Marques Rômulo S, Souza Michael, Batista Fernando, Gonçalves Miguel, Lavor Carlile
Instituto de Matemática, Estatística e Computação Científica, Universidade Estadual de Campinas, Campinas 13083-859, Brazil.
Departamento de Estatística e Matemática Aplicada, Centro de Ciências, Universidade Federal do Ceará, Fortaleza 60020-181, Brazil.
J Chem Inf Model. 2025 Jan 13;65(1):427-434. doi: 10.1021/acs.jcim.4c00427. Epub 2024 Nov 13.
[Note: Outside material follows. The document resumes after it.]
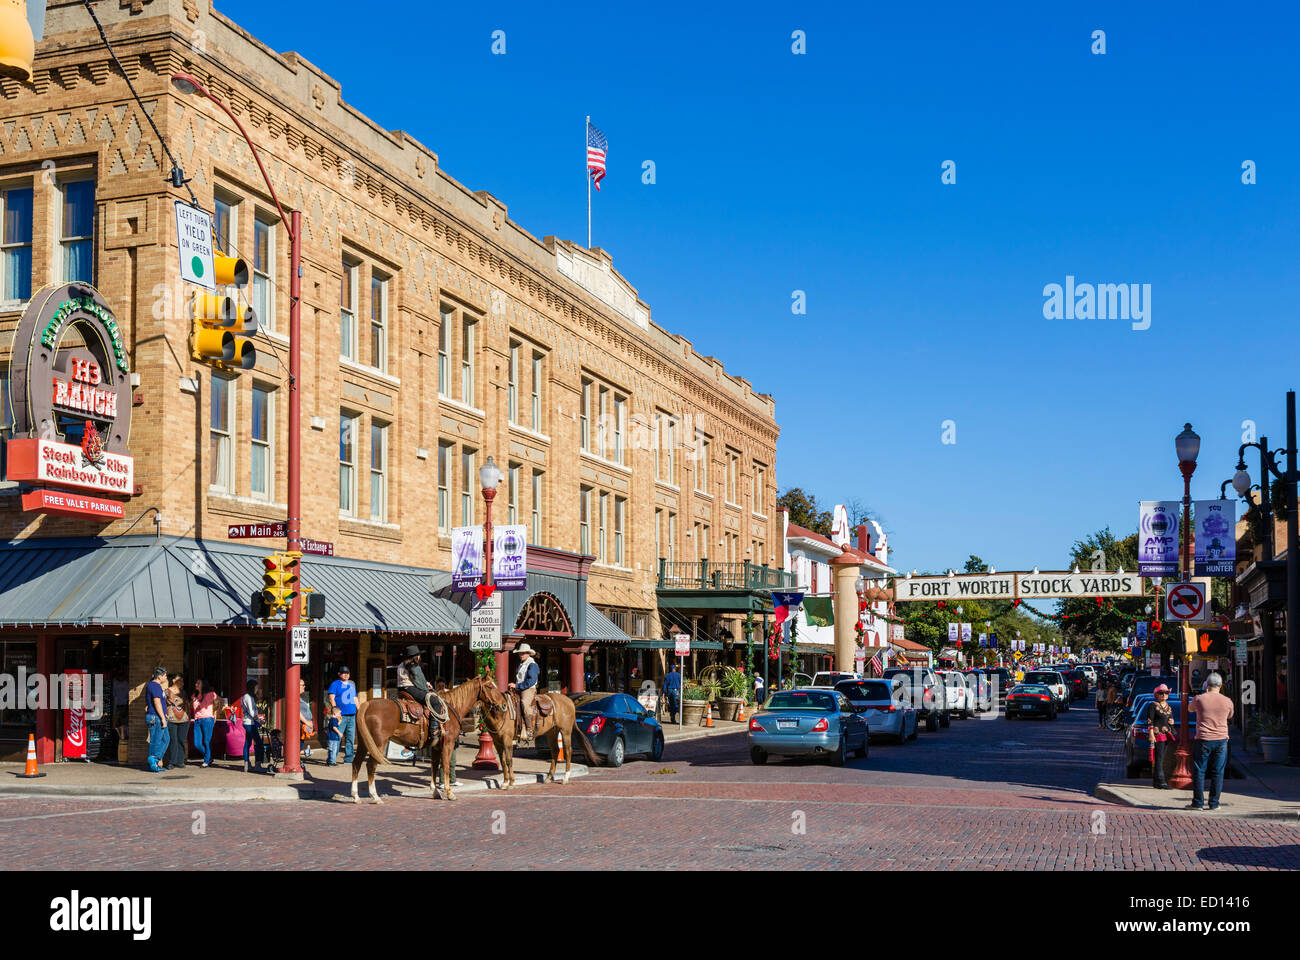 Exchange Avenue al bivio con la strada principale con Stockyards Hotel a sinistra, Stockyards distretto, Fort Worth, Texas, Stati Uniti d'America Foto Stock
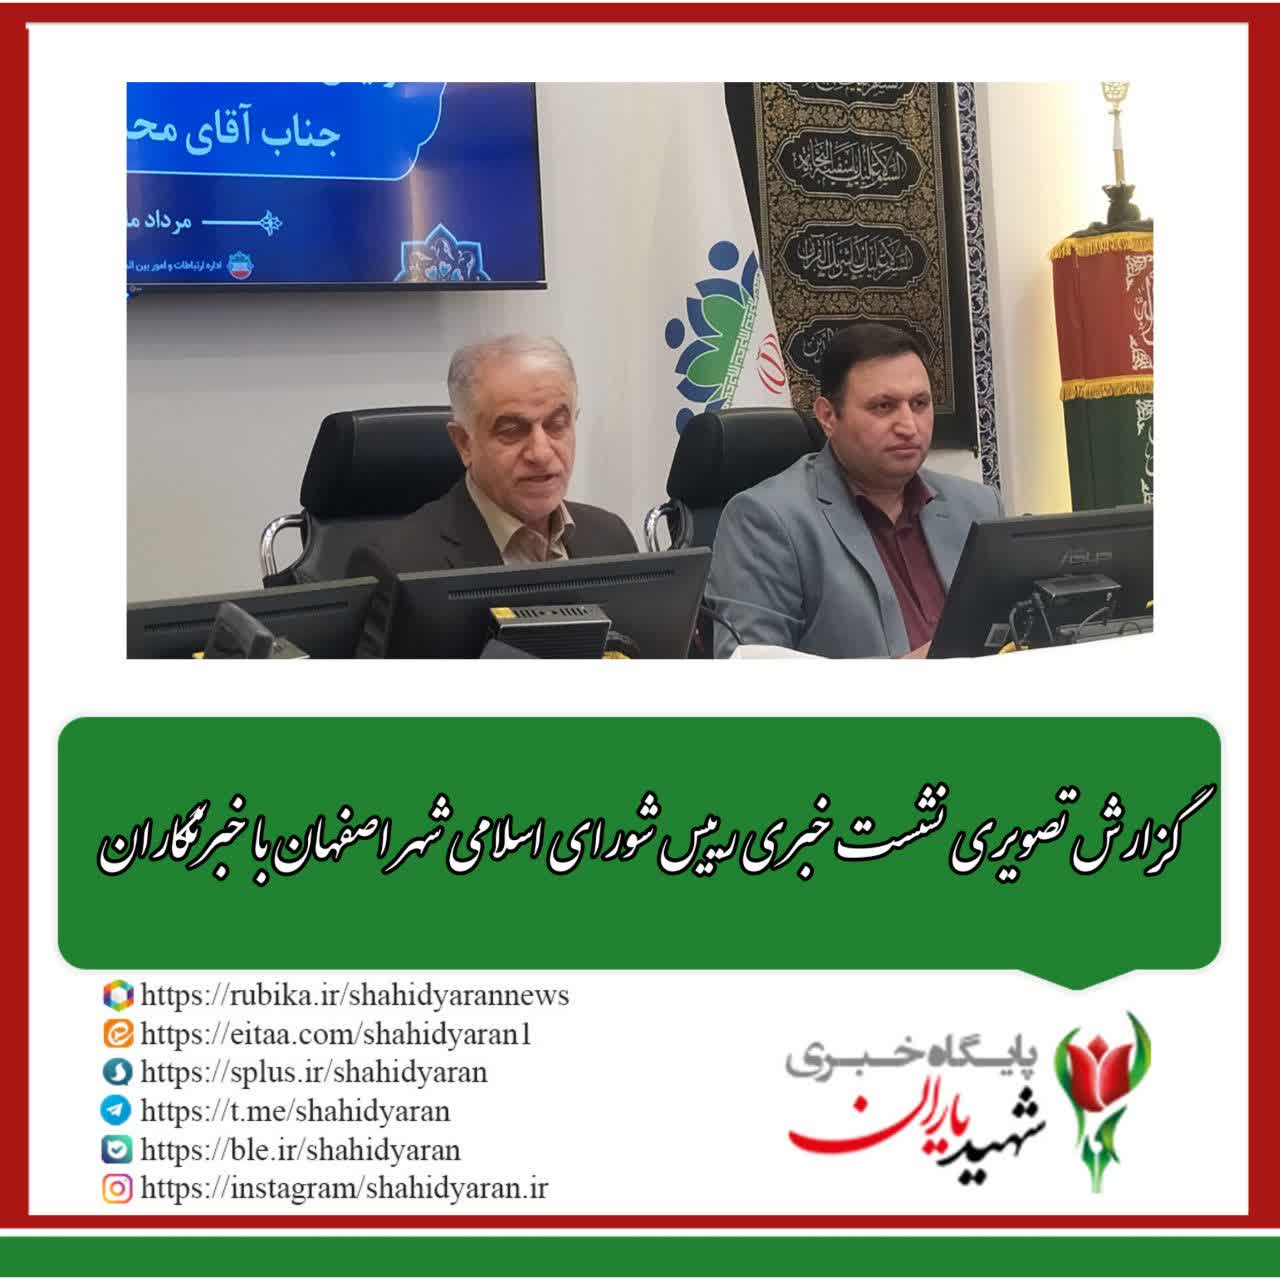 گزارش تصویری نشست خبری رییس شورای اسلامی شهر اصفهان با خبرنگاران

The discovery of the three-dimensional shape of protein molecules using interatomic distance information from nuclear magnetic resonance (NMR) can be modeled as a discretizable molecular distance geometry problem (DMDGP). Due to its combinatorial characteristics, the problem is conventionally solved in the literature as a depth-first search in a binary tree. In this work, we introduce a new search strategy, which we call frequency-based search (FBS), that for the first time utilizes geometric information contained in the protein data bank (PDB). We encode the geometric configurations of 14,382 molecules derived from NMR experiments present in the PDB into binary strings. The obtained results show that the sample space of the binary strings extracted from the PDB does not follow a uniform distribution. Furthermore, we compare the runtime of the symmetry-based build-Up (SBBU) algorithm (the most efficient method in the literature to solve the DMDGP) combined with FBS and the depth-first search (DFS) in finding a solution, ascertaining that FBS performs better in about 70% of the cases.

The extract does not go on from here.